What is required
Although the listing contains pictures, reproduce only its text, exactly as written.
Start of Raw data
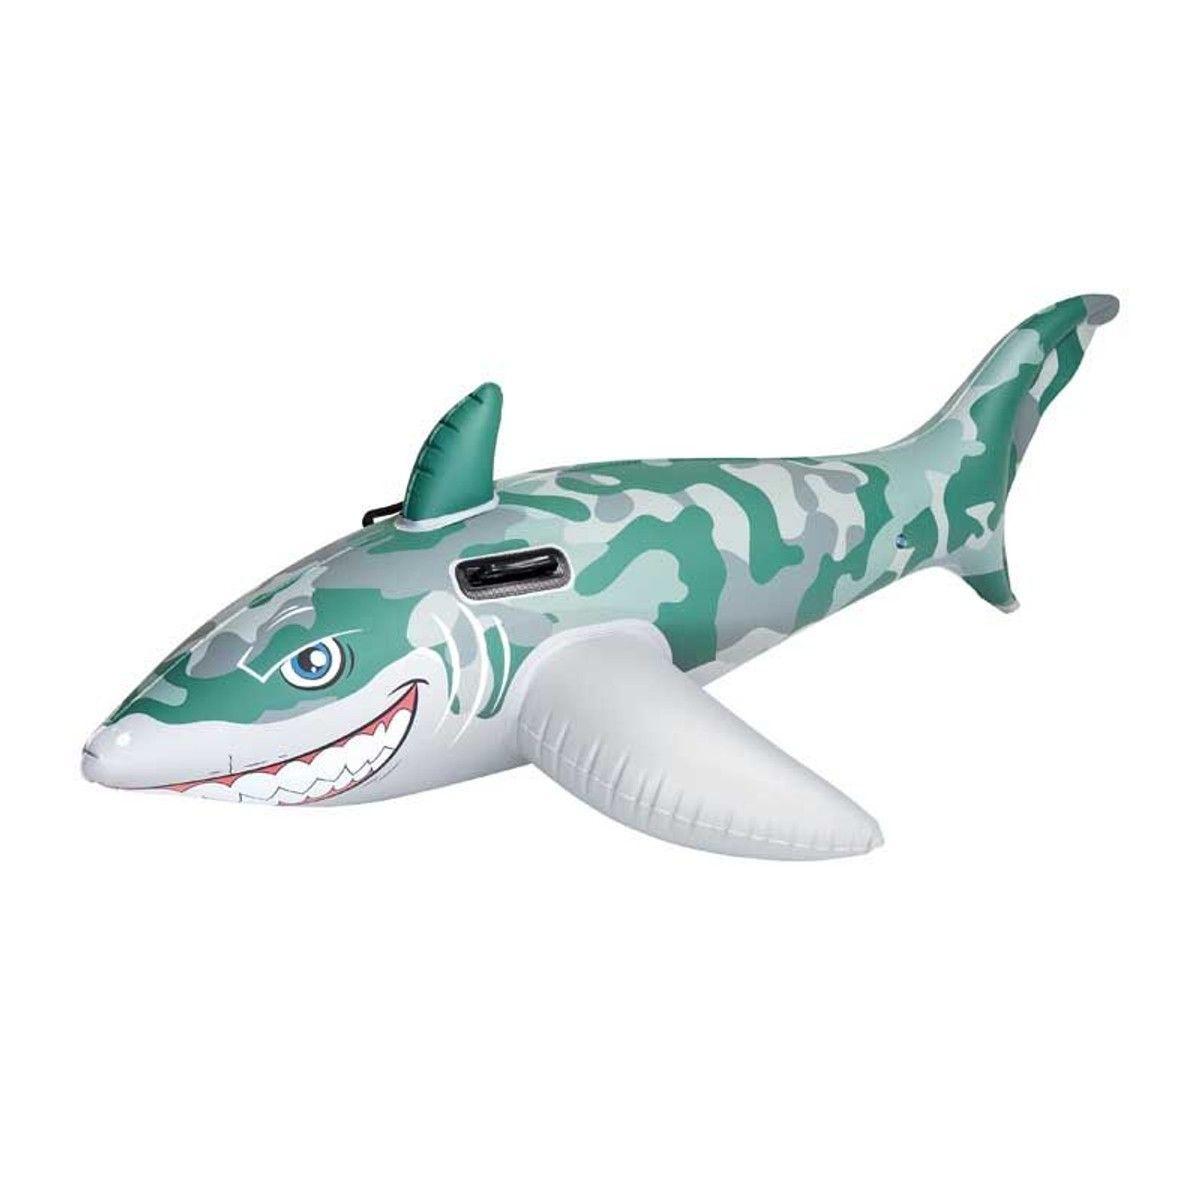 Chevaucha Requin Armee 183x102 Piscine Gonflable Jouets
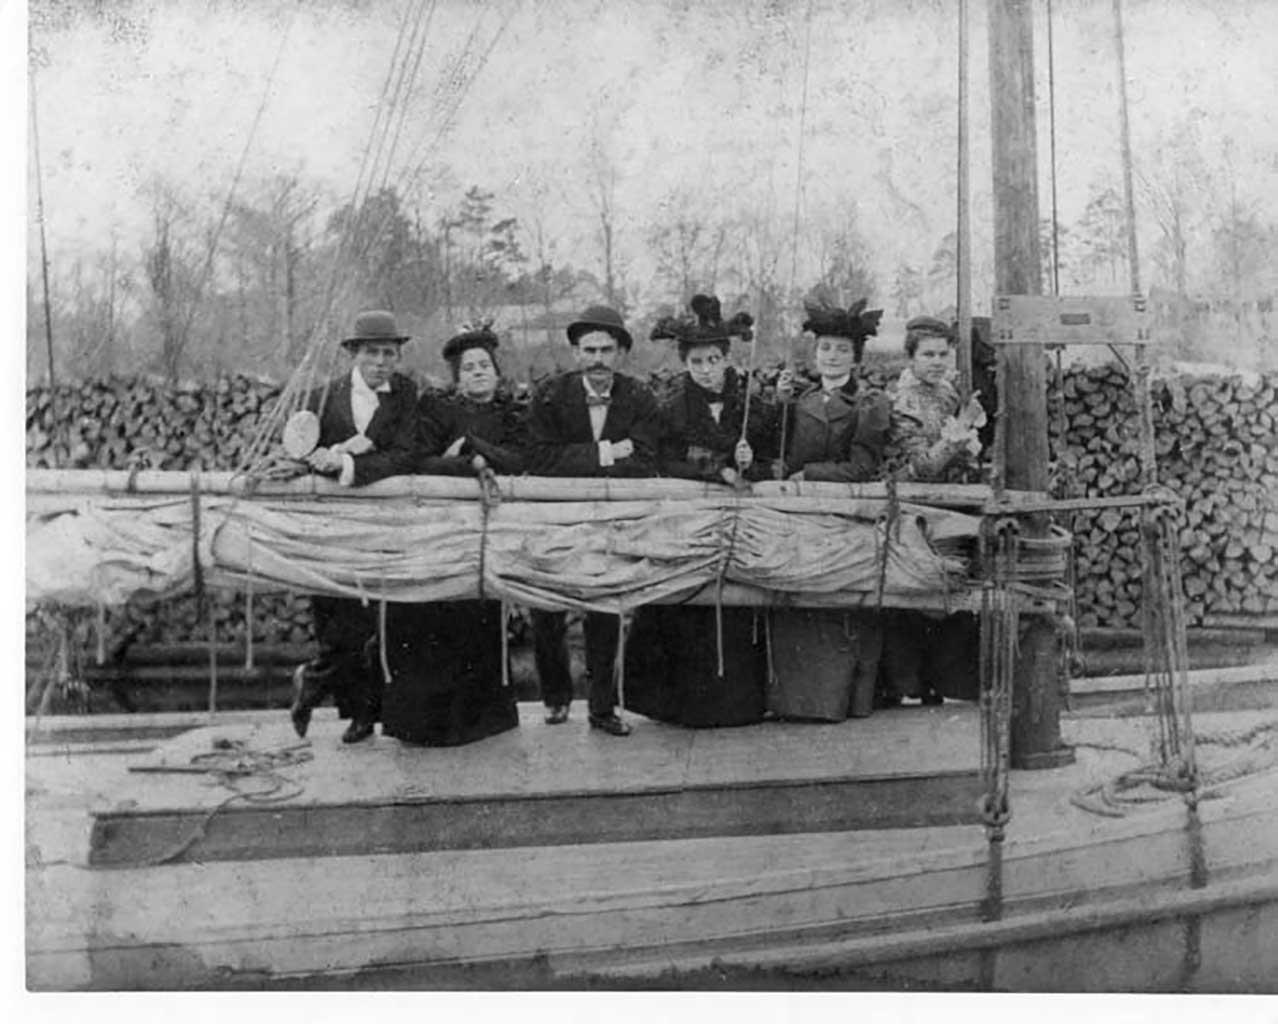 schooner-windrey-in-wester-branch-creek-l-r-claude-susie-gilliam-jim-causey-birdie-crump-manie-cook-teacher-eliz-kirk-brady-1897-img190
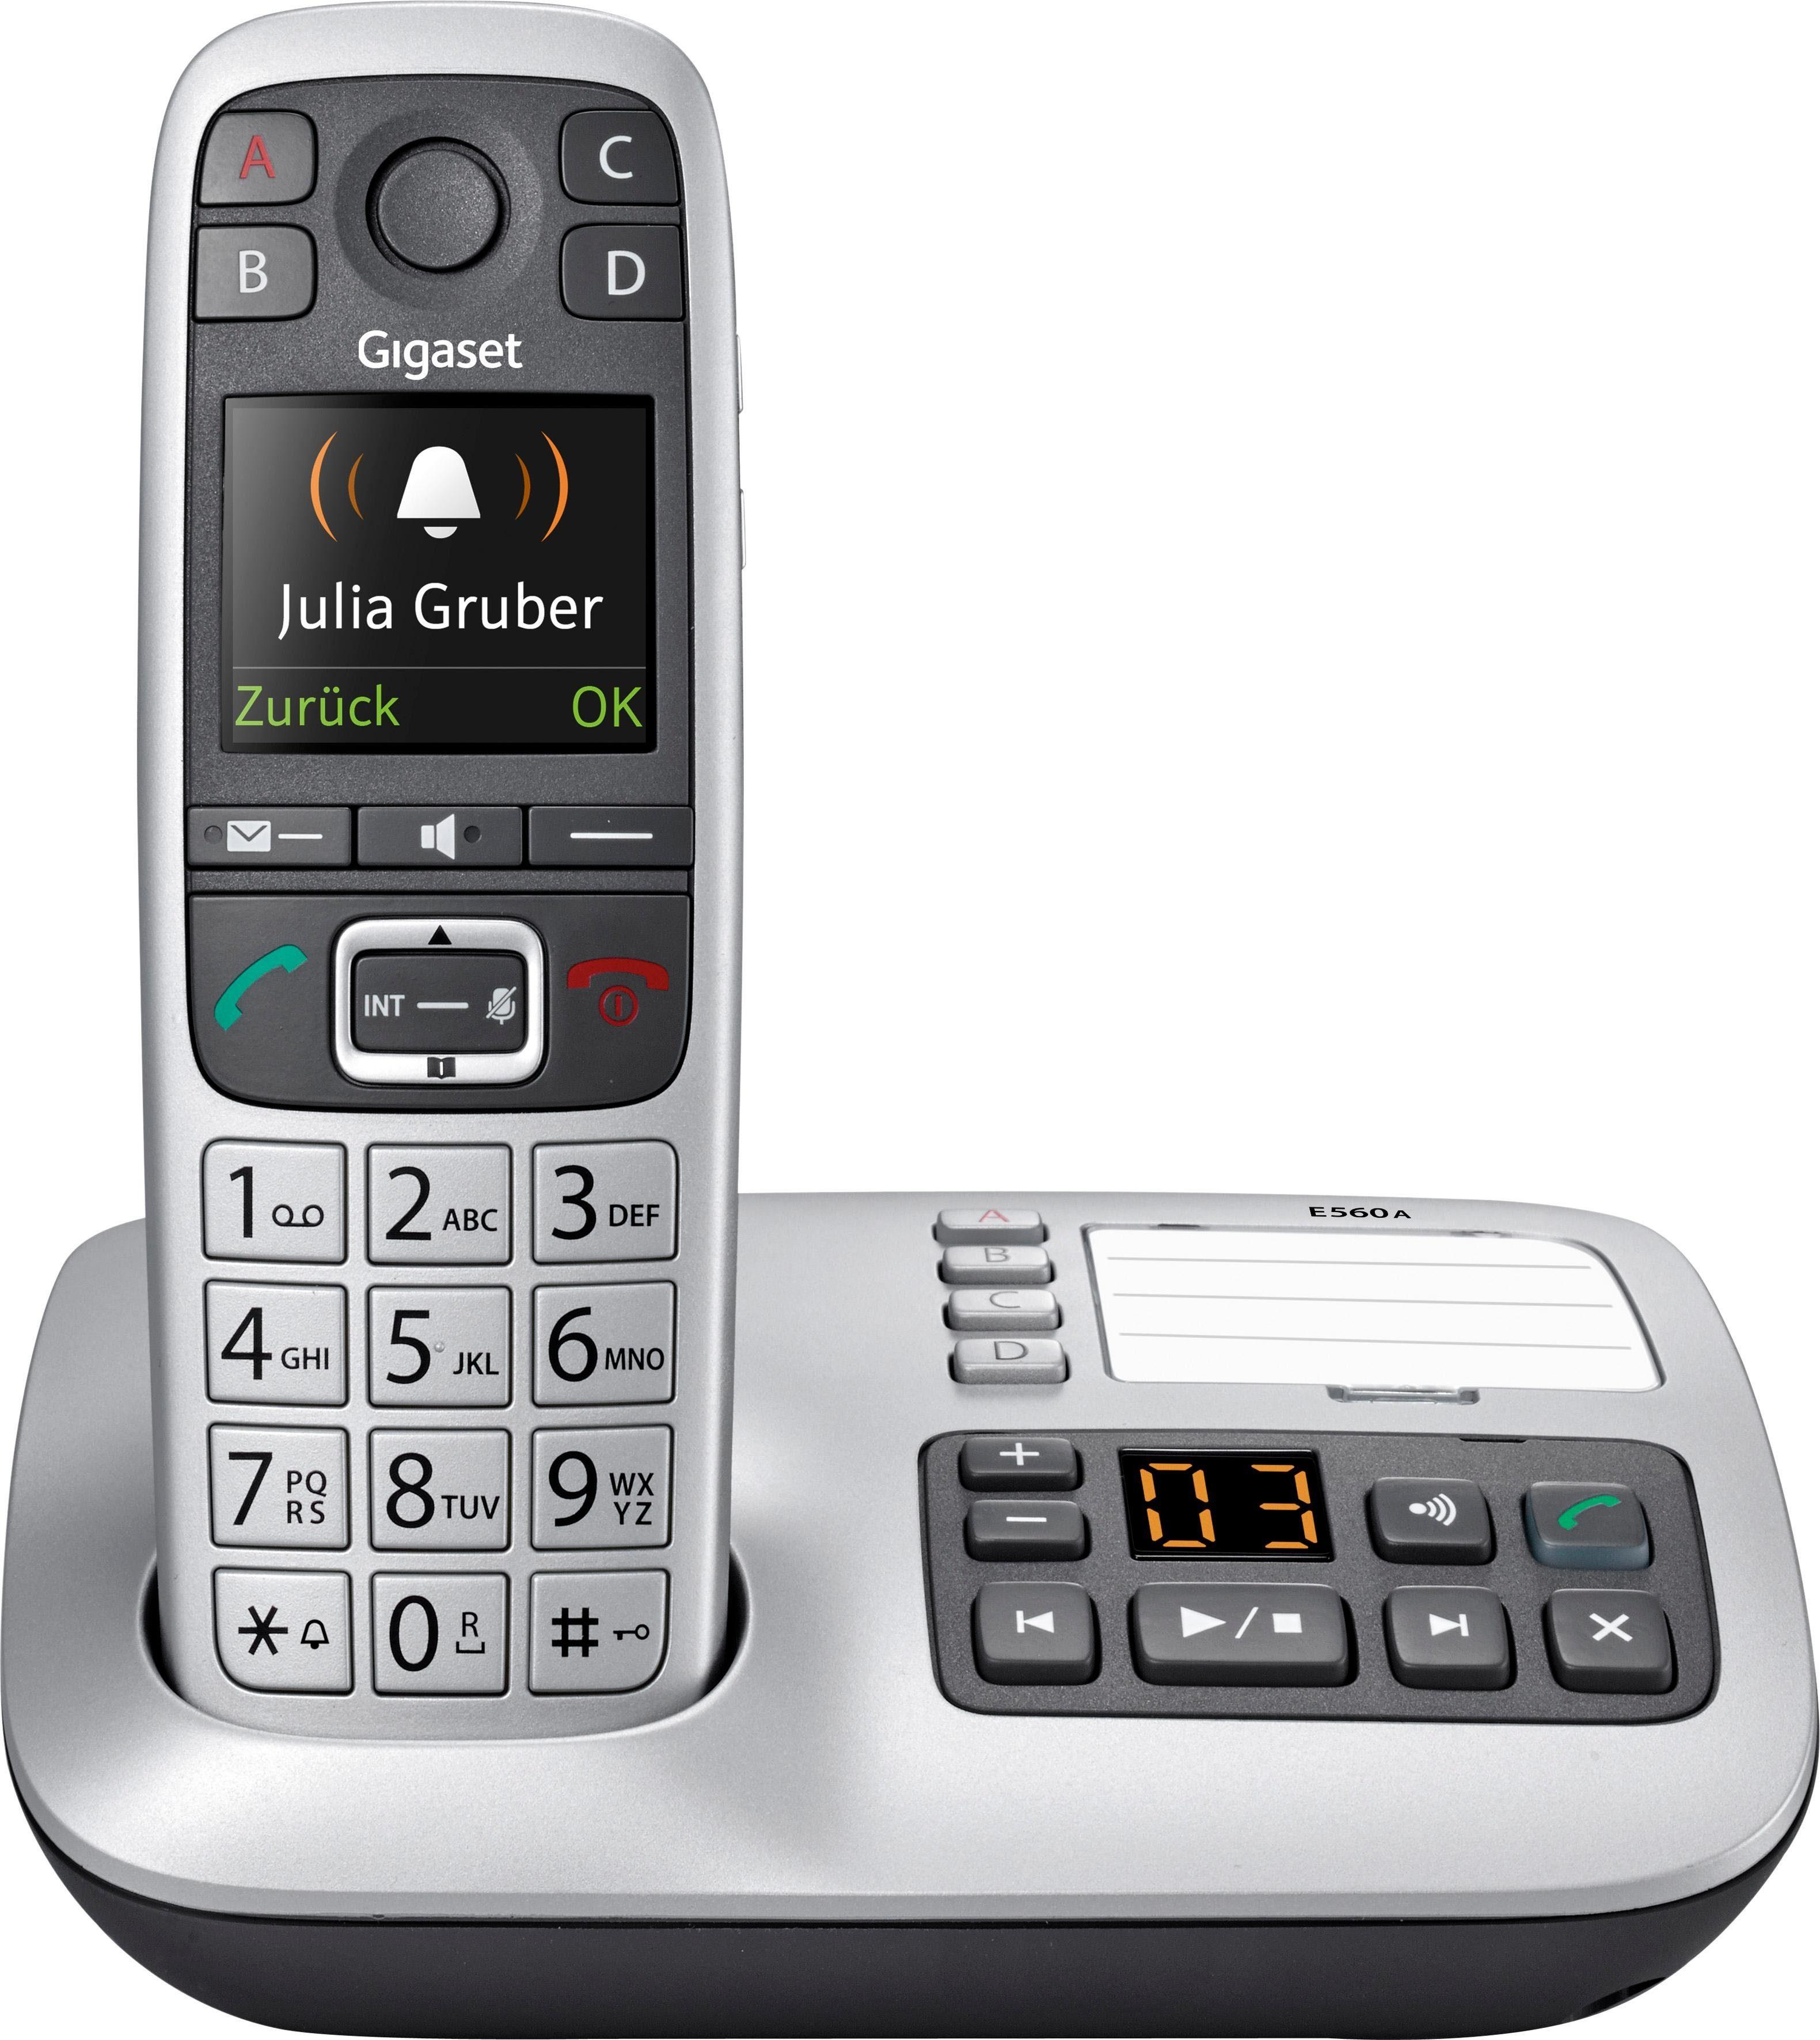 Gigaset E560 A Schnurloses DECT Telefon mit AB
End of Raw data
Your solution
 Chevaucha Requin Armee 183x102 Piscine Gonflable Jouets
 schooner-windrey-in-wester-branch-creek-l-r-claude-susie-gilliam-jim-causey-birdie-crump-manie-cook-teacher-eliz-kirk-brady-1897-img190
 Gigaset E560 A Schnurloses DECT Telefon mit AB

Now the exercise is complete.